I am solving a first order pde:
$$x^2u_x + uu_y = 1 \,\,,\,\,\, u = u(x,y) $$
$$u(x,1-x) = 0$$
After the calculations I end up with the following expression:
$$y-\frac{u^2}{2} = 1 - \frac{1}{u+\frac{1}{x}} \,\,\,\,\,(1)$$
In order to finish the question I have to solve for $u(x,y)$ in (1) but I can't find a way to do so.
Any help is appreciated.
$$x^2u_x+uu_y=1$$ System of characteristic ODEs : $$\frac{dx}{x^2}=\frac{dy}{u}=\frac{du}{1}$$ A first characteristic equation comes from $\frac{dx}{x^2}=\frac{du}{1}$ $$u+\frac{1}{x}=c_1$$ A second characteristic equation comes from $\frac{dy}{u}=\frac{du}{1}$ $$u^2-2y=c_2$$ General solution of the PDE on implicit form $c_2=F(c_1)$ : $$u^2-2y=F(u+\frac{1}{x})$$ $F$ is an arbitrary function (to be determined according to the bondary condition).
Condition : $u(x,1-x)=0$
$$-2(1-x)=F(\frac{1}{x})$$ Let $X=\frac{1}{x}\quad;\quad x=\frac{1}{X}$
$$F(X)=-2+2x=-2+\frac{2}{X}$$ Now the function $F=-2+\frac{2}{X}$ is determined.
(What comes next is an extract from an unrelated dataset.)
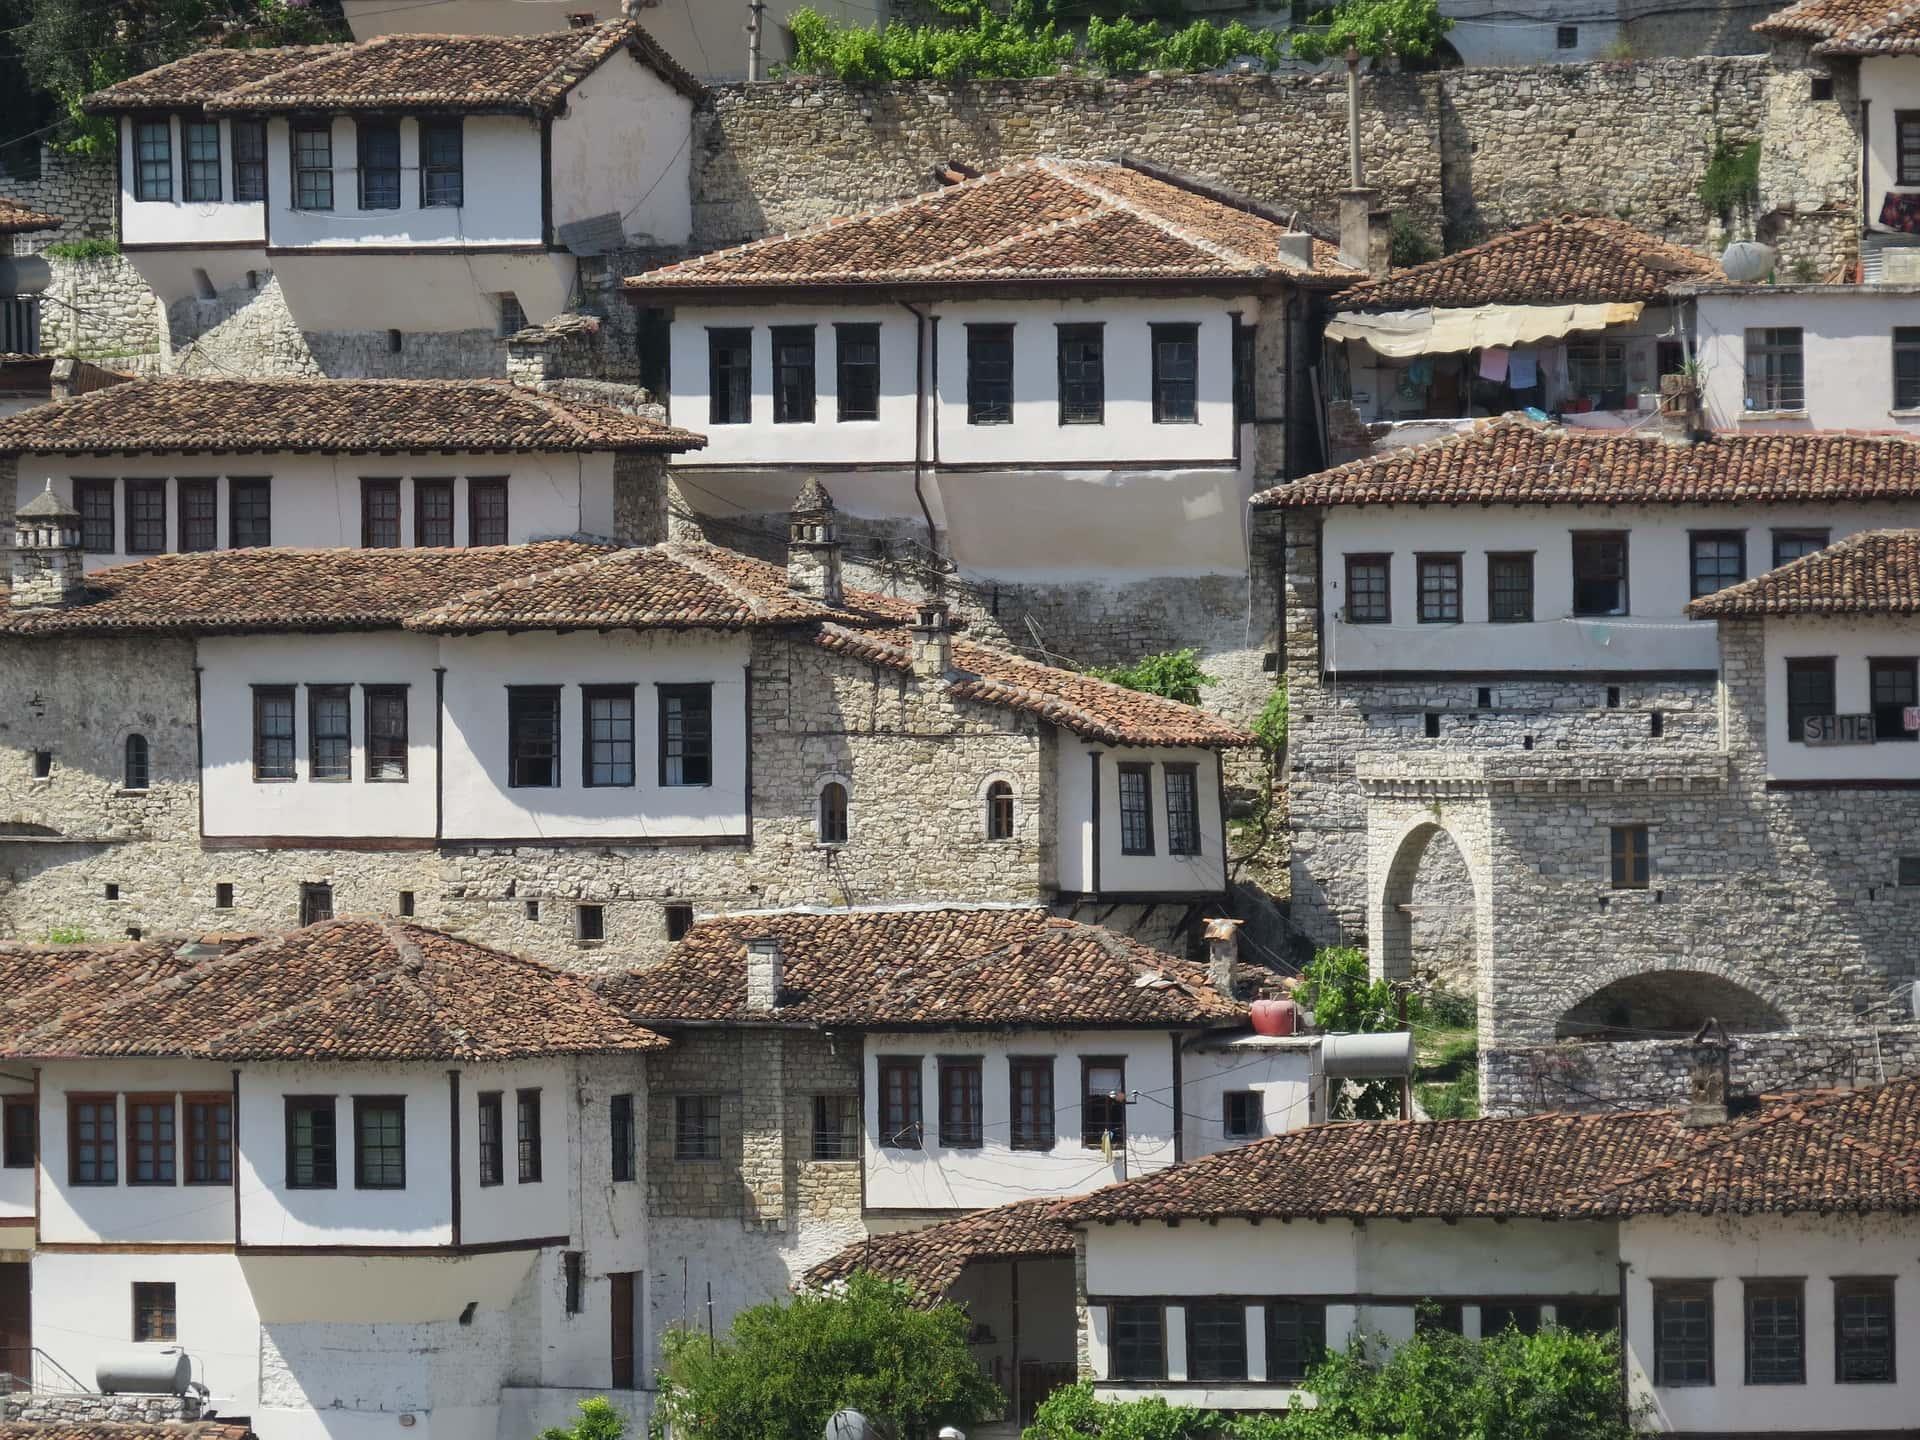 albanien-reise-stadt

We put it into the above general solution where $X=u+\frac{1}{x}\quad\implies\quad F(X)=-2+\frac{2}{u+\frac{1}{x}}$
$$u^2-2y=-2+\frac{2}{u+\frac{1}{x}}$$
The particular solution of the PDE which satisfies the boundary condition is found on the form of the implicit equation : $$u^2-2y+2-\frac{2}{u+\frac{1}{x}}=0$$ This is a cubic equation which could be solved for $u(x,y)$. It is simpler to accept the solution on this implicit form.